Long-term support and backport risk

Posted Jun 21, 2007 4:38 UTC (Thu) by iabervon (subscriber, #722) [Link]

2.6.22 isn't changing anything as tricky as 2.6.21 changed. It's not going to be a stability kernel, in the sense of being focused on solidifying things without introducing anything new or substantially different, but it's probably going to go better than 2.6.21, just due to not undermining so many long-time assumptions.

I think the people who want a really stable kernel really do best by getting the first kernel that supports everything they want, waiting for other people to hit the problems (or waiting for their system vendor to hit the problems) and then sticking with that kernel, with only -stable-quality patches afterward until they get a newer system that needs a newer kernel.

Long-term support and backport risk

Posted Jun 21, 2007 7:51 UTC (Thu) by dlang (guest, #313) [Link] (2 responses)

people who think that 2.0, 2.2 or 2.4 kernels never had problem releases like 2.6.21 just weren't there to experiance them. there were releases in all three series that make 2.6.21 look rock solid (even ignoreing the early releases in all three series)

Long-term support and backport risk

Posted Jun 21, 2007 16:48 UTC (Thu) by smoogen (subscriber, #97) [Link] (1 responses)

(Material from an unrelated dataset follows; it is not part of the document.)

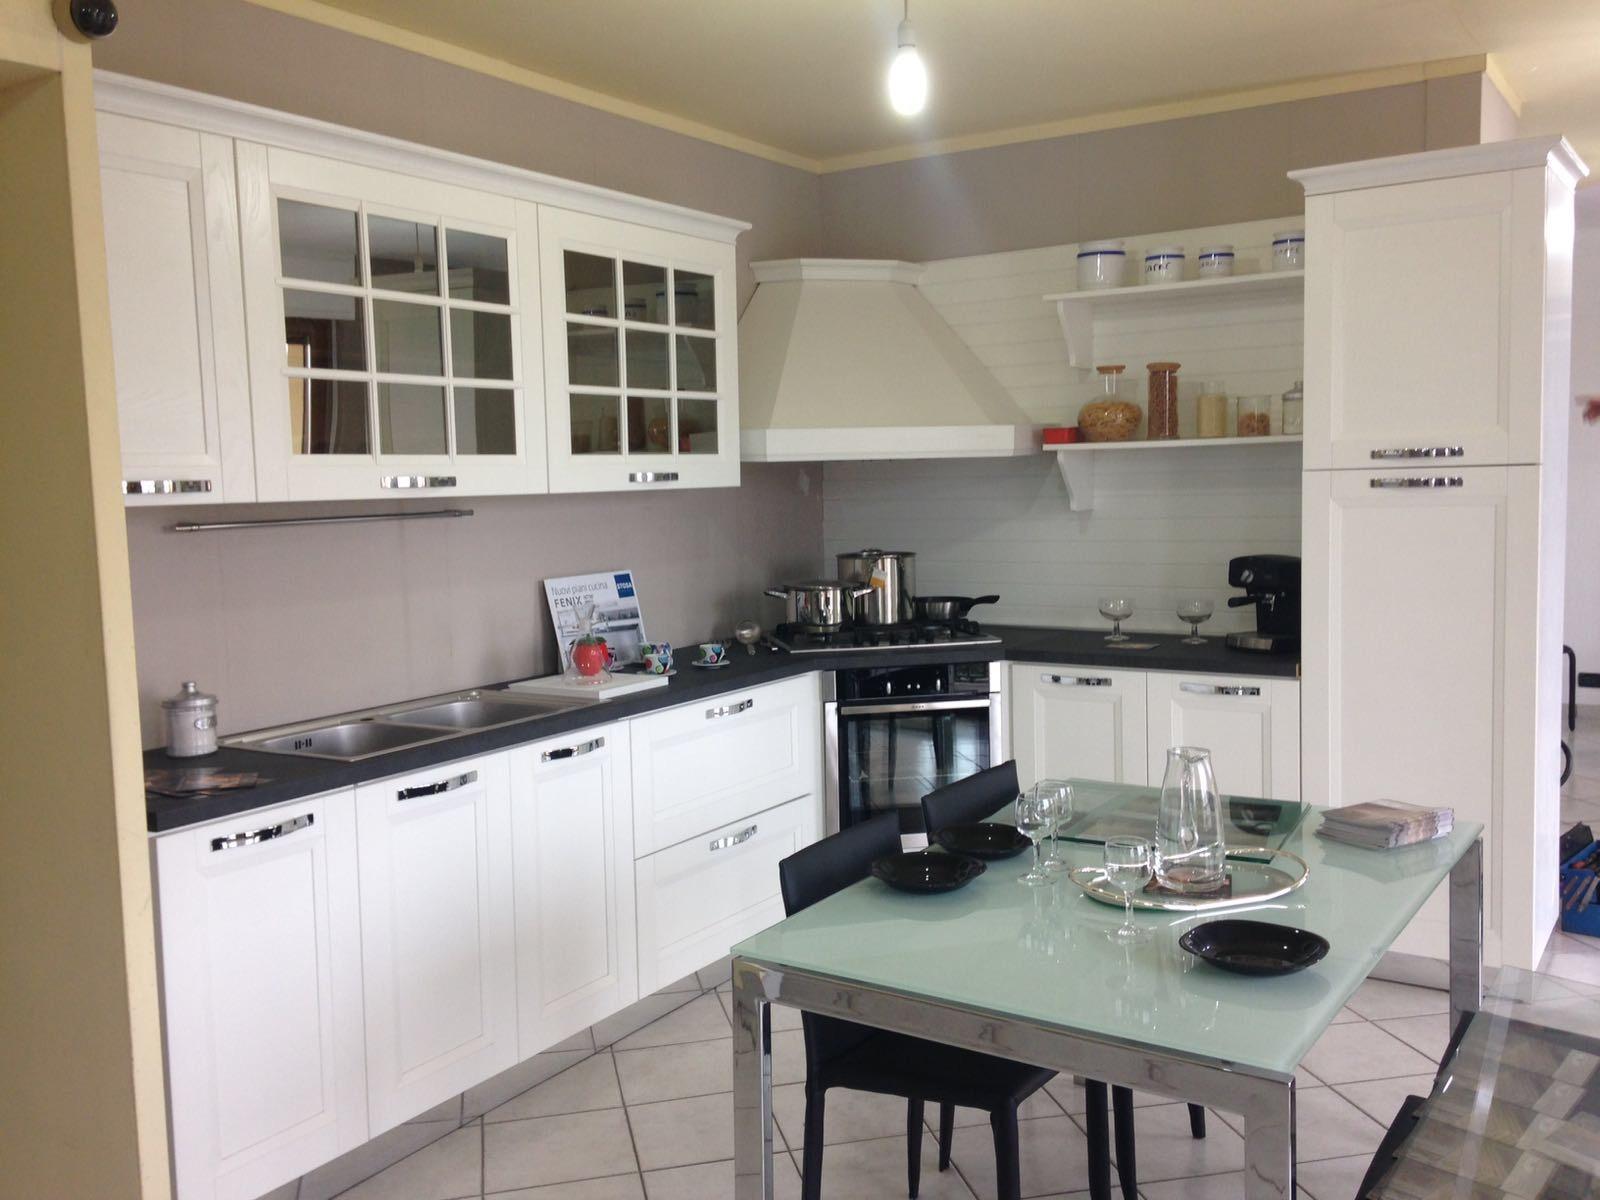 Cucina stosa cucine beverly classica legno bianca scontata for Cucina classica bianca

Actually I did gloss over the issues of major changes in the 2.0, 2.2, and 2.4 series (2.4.9->2.4.14.. actually 2.0.10, 2.2.10 all were areas of instability). In most cases they were usually the kernel people seeing that something was majorly borked in their assumptions and having to retrofix a lot of stuff that they didnt make assumptions for. However from the items that LWN has shown on the kernel pages.. the amount of code changes in those series for a period of 2-4 sub-releases was less than what occurs between 2.6.20 and 2.6.21 or 2.6.14 and 2.6.15.

[From someone who has done systems administration support of kernels from 1993.]

Long-term support and backport risk

Posted Jun 21, 2007 23:53 UTC (Thu) by dlang (guest, #313) [Link]

there is no question that the rate of change has increased drasticly.

I wouldn't be surprised if the 2.6.21->2.6.22 changes riveled or exceeded the 1.2.0 -> 1.3.0 changes. the fact that it's happening so quickly with so few problems is amazing.

when I referred to the problems in the 2.0, 2.2, and 2.4 series, I wasn't just thinking of the couple major problems, I'm remembering that there were several 'brown paper bag' releases scattered throughout the series

Long-term support and backport risk

Posted Jun 20, 2007 23:34 UTC (Wed) by error27 (subscriber, #8346) [Link] (2 responses)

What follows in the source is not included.